I nailed my first deer last year... thought I'd never hit one... (would see it coming, and avoid it after 32 years of driving)... I had no chance... Just aimed in between 2 of them... Damage to my car was about the same (not a Goat)... Freaking sad Bro. Freaking sad....


----------



## Tri-Power (Jan 10, 2008)

damn! that sucks, but atleast the deer didn't end up in your lap. my dad hit one that came through the windshield, he was picking ticks off of himself all night.

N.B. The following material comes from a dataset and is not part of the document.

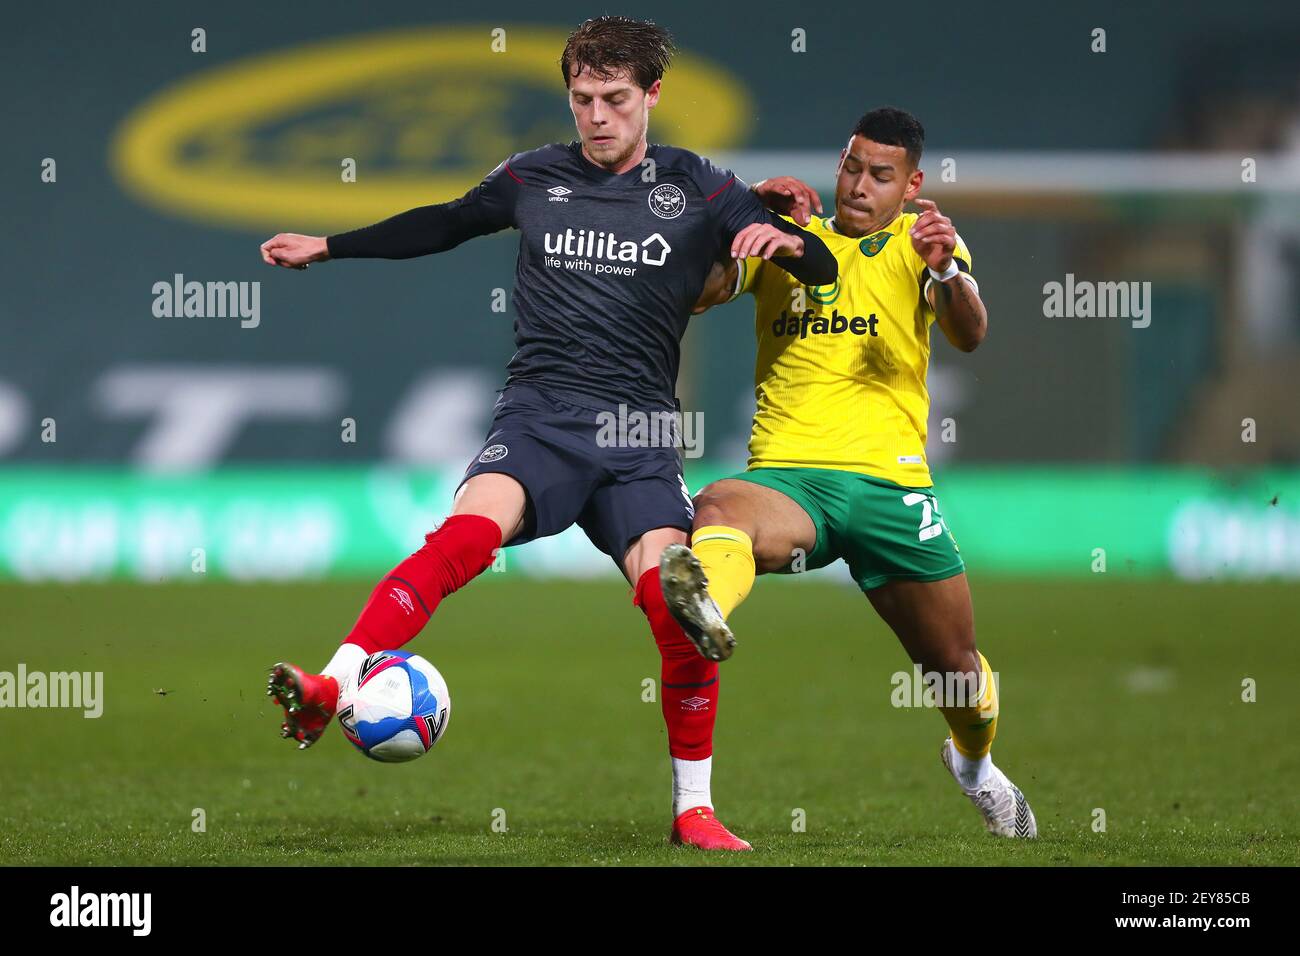 Mathias Jensen of Brentford and Onel Hernandez of Norwich City - Norwich City v Brentford, Sky Bet Championship, Carrow Road, Norwich, UK - 3rd March 2021  Editorial Use Only - DataCo restrictions apply Stock Photo

Good luck finding the parts, that's a nice car.


----------



## muscleT (Dec 20, 2006)

Insurance will not cover it? 

Try Ebay for the parts and look into the Australian Ebay as well.


----------



## GTO JUDGE (May 14, 2005)

Why wouldn't insurance cover it? It ought to.


----------



## drake0707 (Mar 25, 2009)

i cried a little..


----------



## Str8evl (Feb 13, 2008)

your comprehensive insurance should cover that no problem. i hit a deer with my old cobra a few years back. no questions asked fixed in a week.


----------



## vance_pounders (Dec 31, 2008)

I hit a deer a while back, it only knocked off my mirror. You're lucky it didn't go through the windshield. 
By the way nice corvette rims.


----------



## nitrorocket (Aug 25, 2008)

Insurance is covering it, I am doing the repair myslef...

Thanks guys...


----------



## Too Many Projects (Nov 15, 2008)

nitrorocket said:


> Insurance is covering it, I am doing the repair myslef...
> 
> Thanks guys...


Just go to your local dealer and buy what you need. By the time you scrounge up used and possibly slightly damaged parts and pay shipping, you'll be in the same place monetarily.


----------



## EEZ GOAT (Jul 9, 2005)

dang sorry for your lost (of driving) i pray for a full recov and get back out there


----------



## hawkgto (Oct 21, 2009)

i have bumper cover in primer and hood call 419 234-4040


----------



## GTO JUDGE (May 14, 2005)

hawkgto said:


> i have bumper cover in primer and hood call 419 234-4040


I would think that after 7 months, the car has been repaired? 

If you want to unload the bumper I'd suggest putting it in the for sale section with PICTURES and a price.


----------



## phantom0670 (Oct 15, 2009)

damn this thread is old...I was going to ask for a side shot with those vette wheels.

Nitro- if you're around how about some repaired pics and a nice side shot?:cool


----------